=== Section Start ===

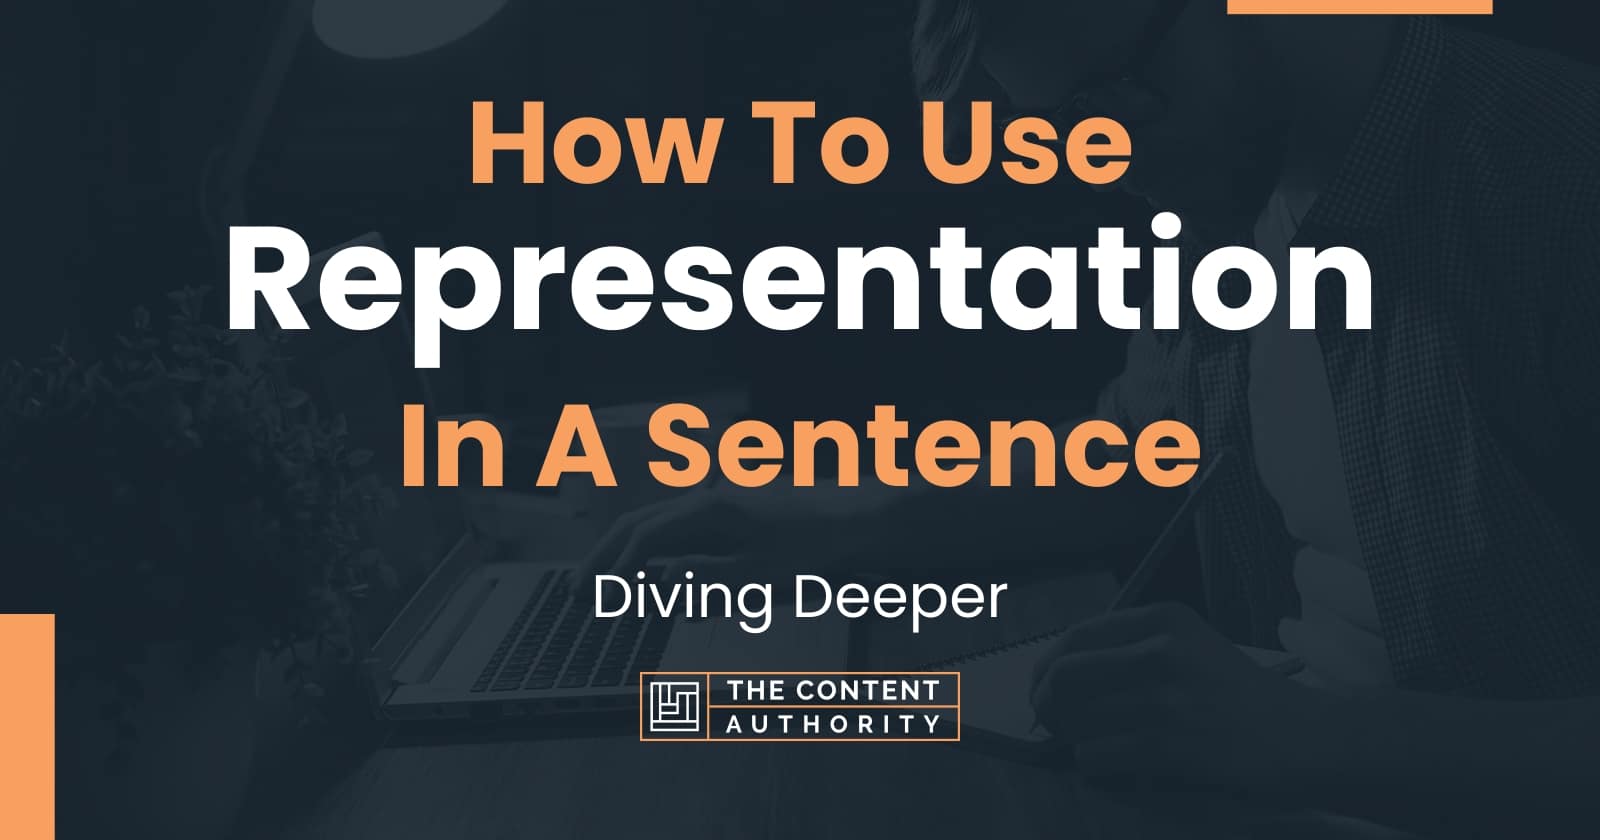 meaning of representation and sentence
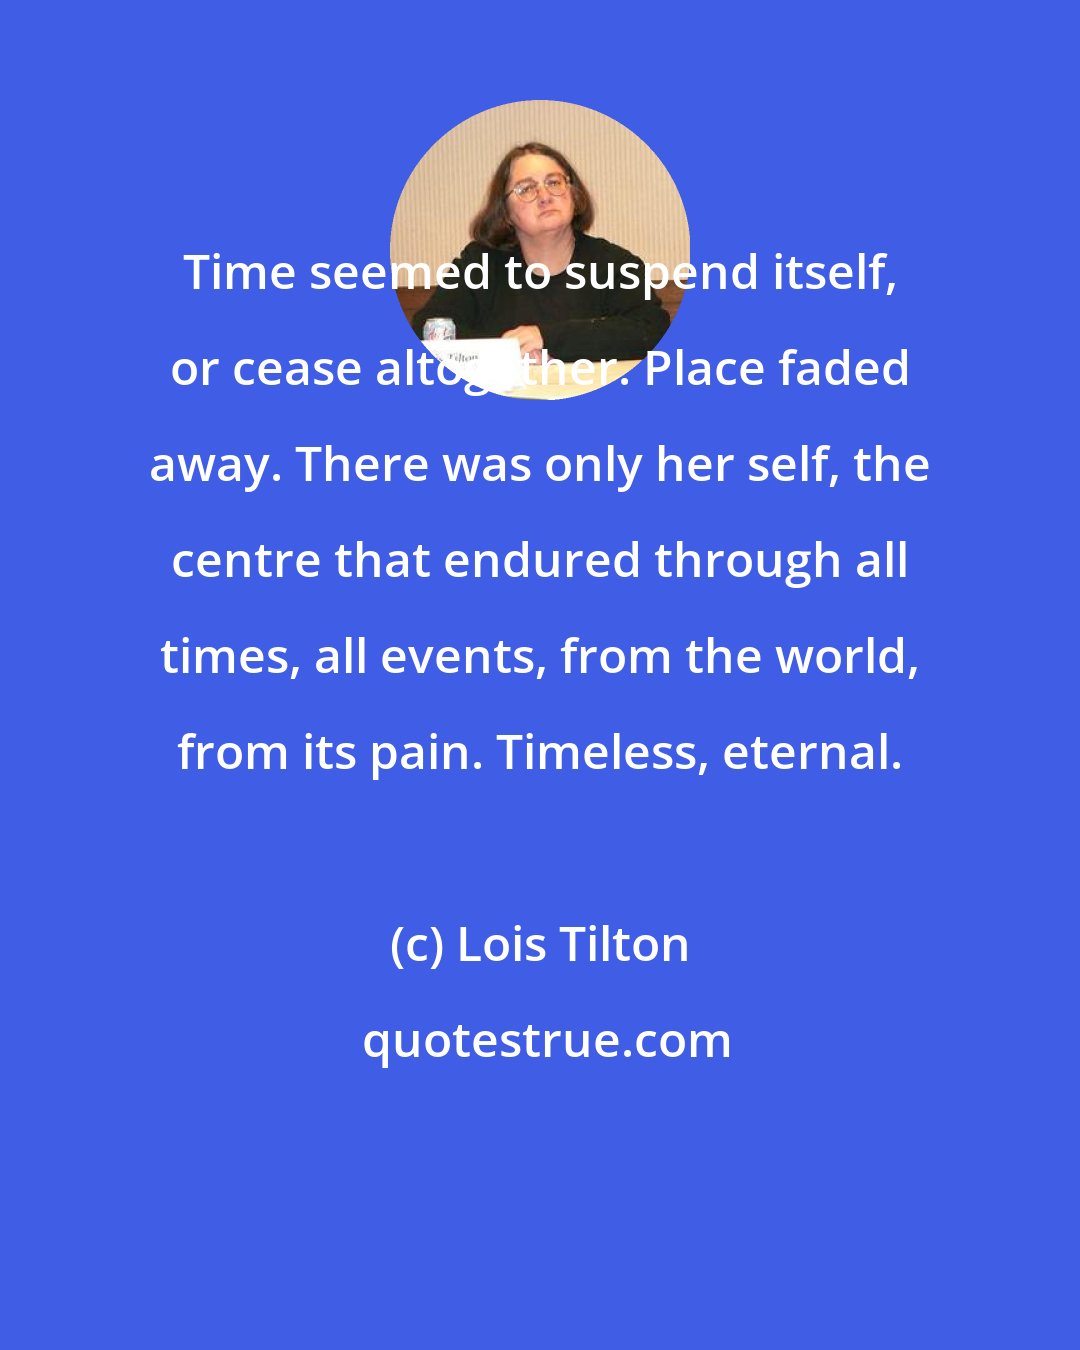 Lois Tilton: Time seemed to suspend itself, or cease altogether. Place faded away. There was only her self, the centre that endured through all times, all events, from the world, from its pain. Timeless, eternal.
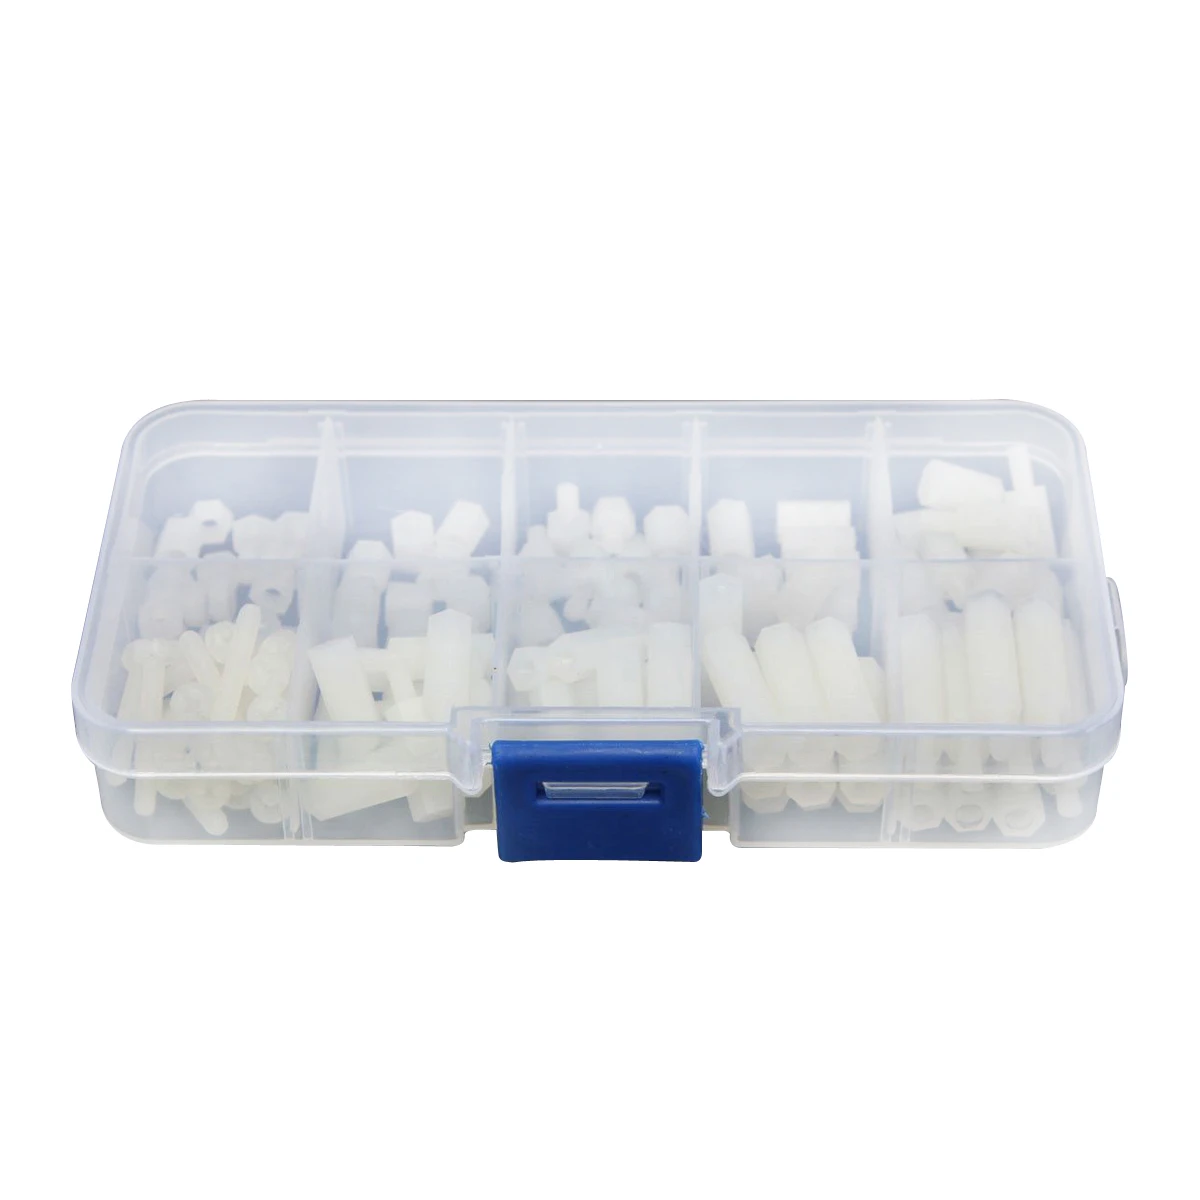 Box of 120Pcs M3 Nylon Hex Spacers Screw Nut Stand-Off Plastic Accessories Kit White 
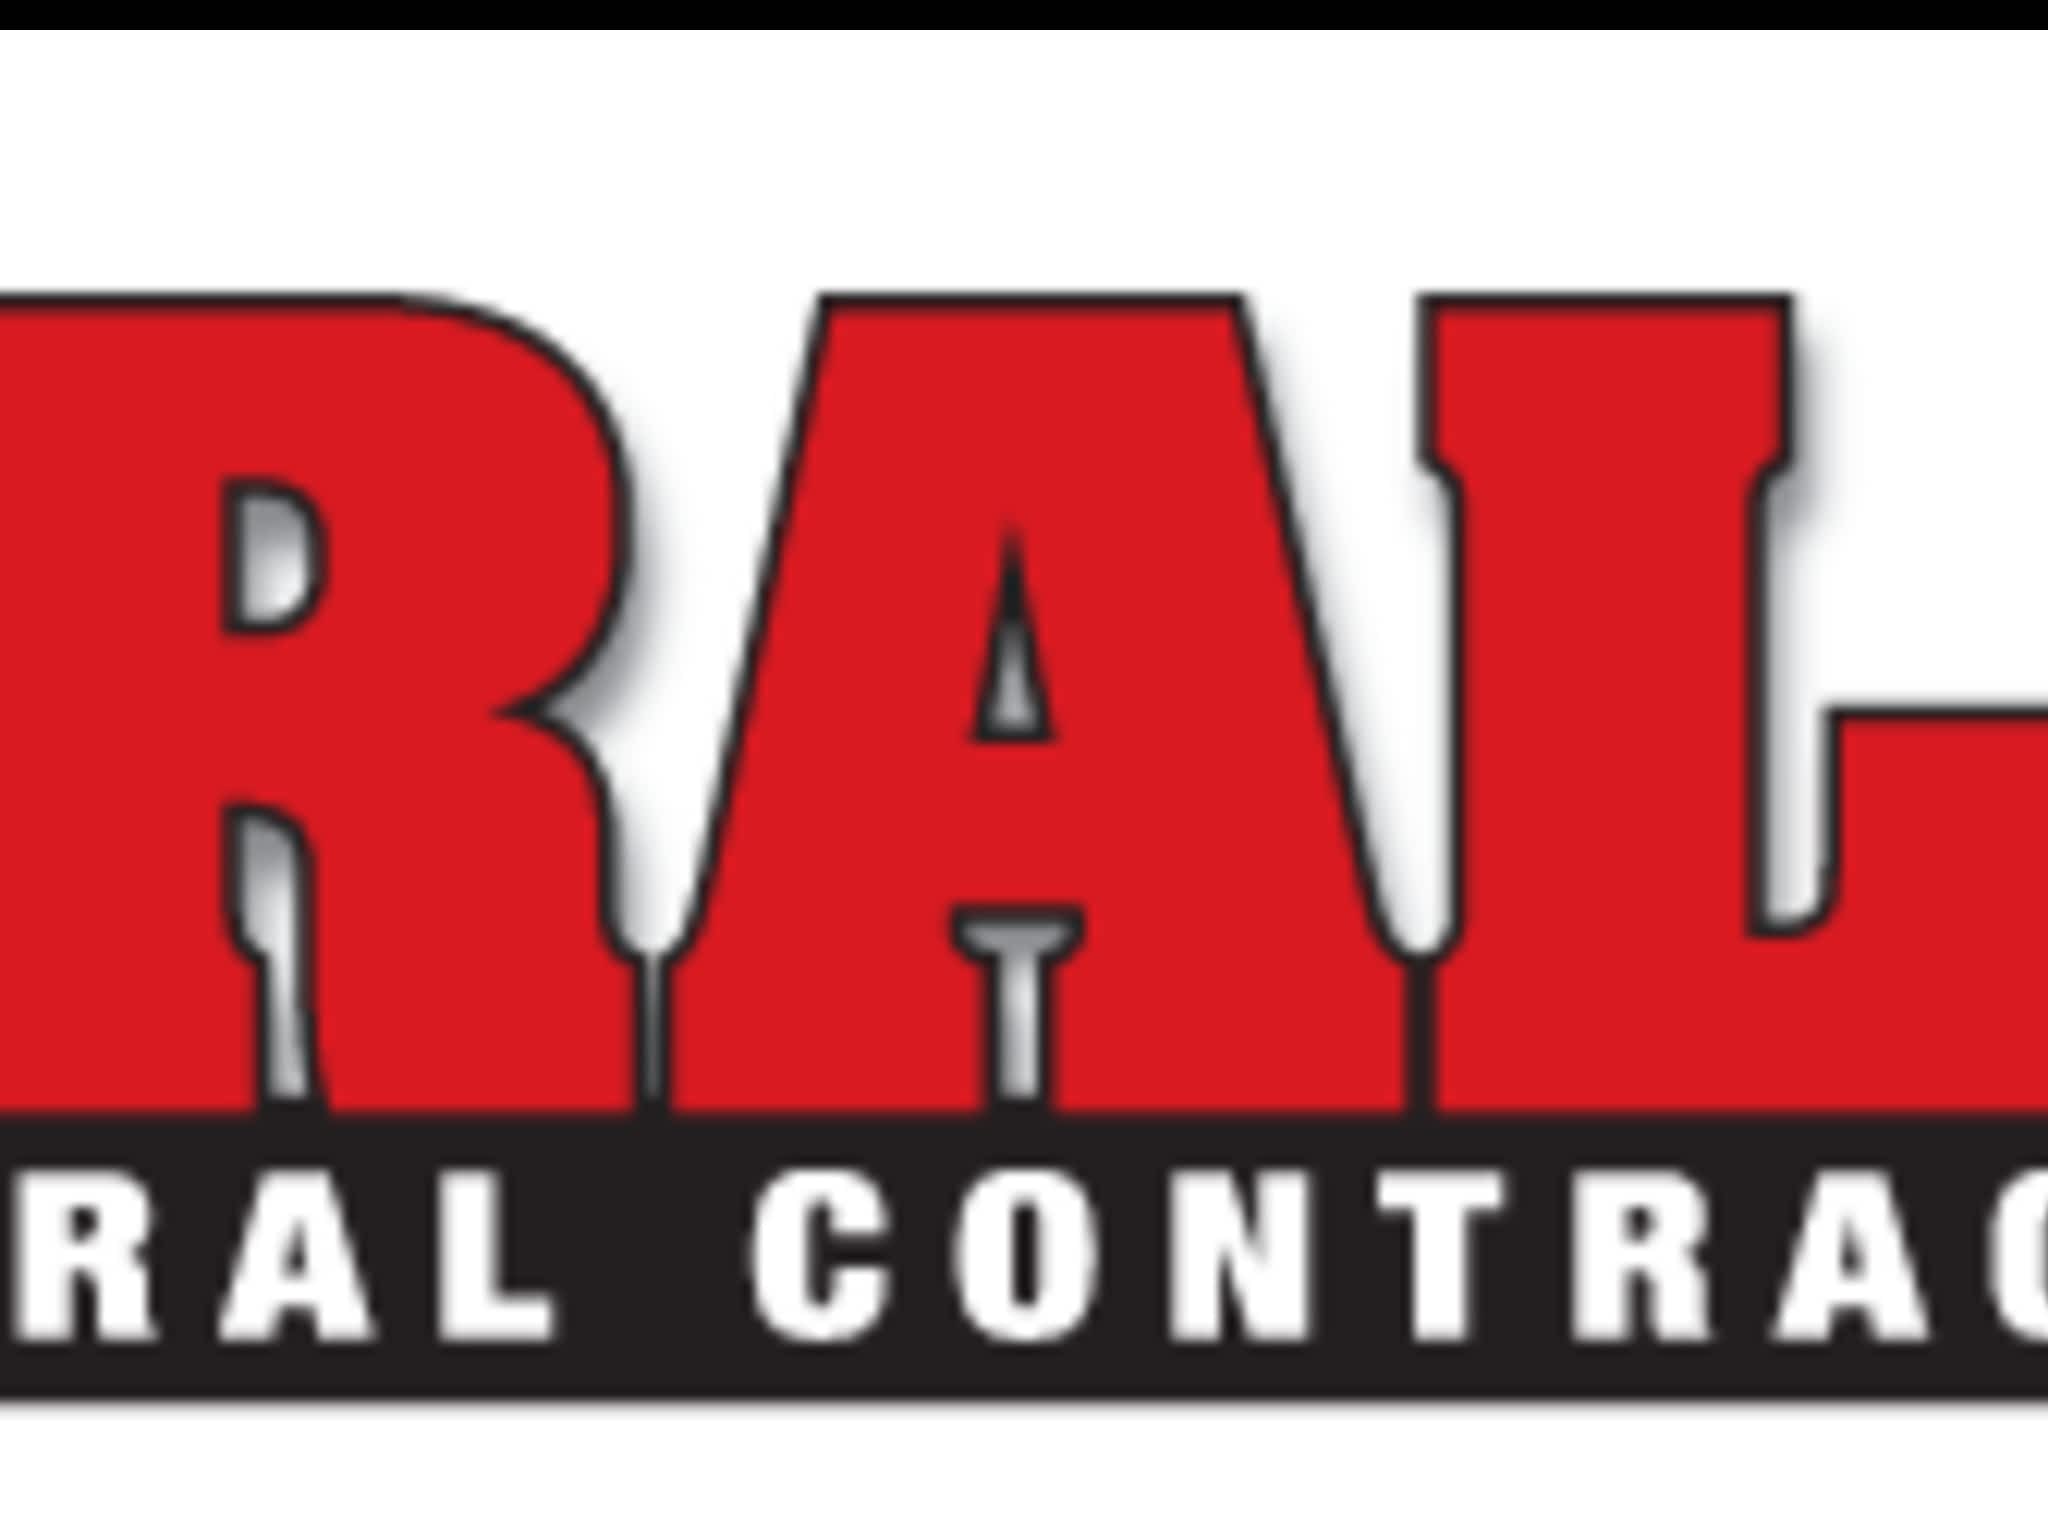 photo Gerald's General Contracting

=== Section End ===

Copy out all the data exactly; skip the pictures.

 meaning of representation and sentence
 Lois Tilton: Time seemed to suspend itself, or cease altogether. Place faded away. There was only her self, the centre that endured through all times, all events, from the world, from its pain. Timeless, eternal.
 Box of 120Pcs M3 Nylon Hex Spacers Screw Nut Stand-Off Plastic Accessories Kit White 
 photo Gerald's General Contracting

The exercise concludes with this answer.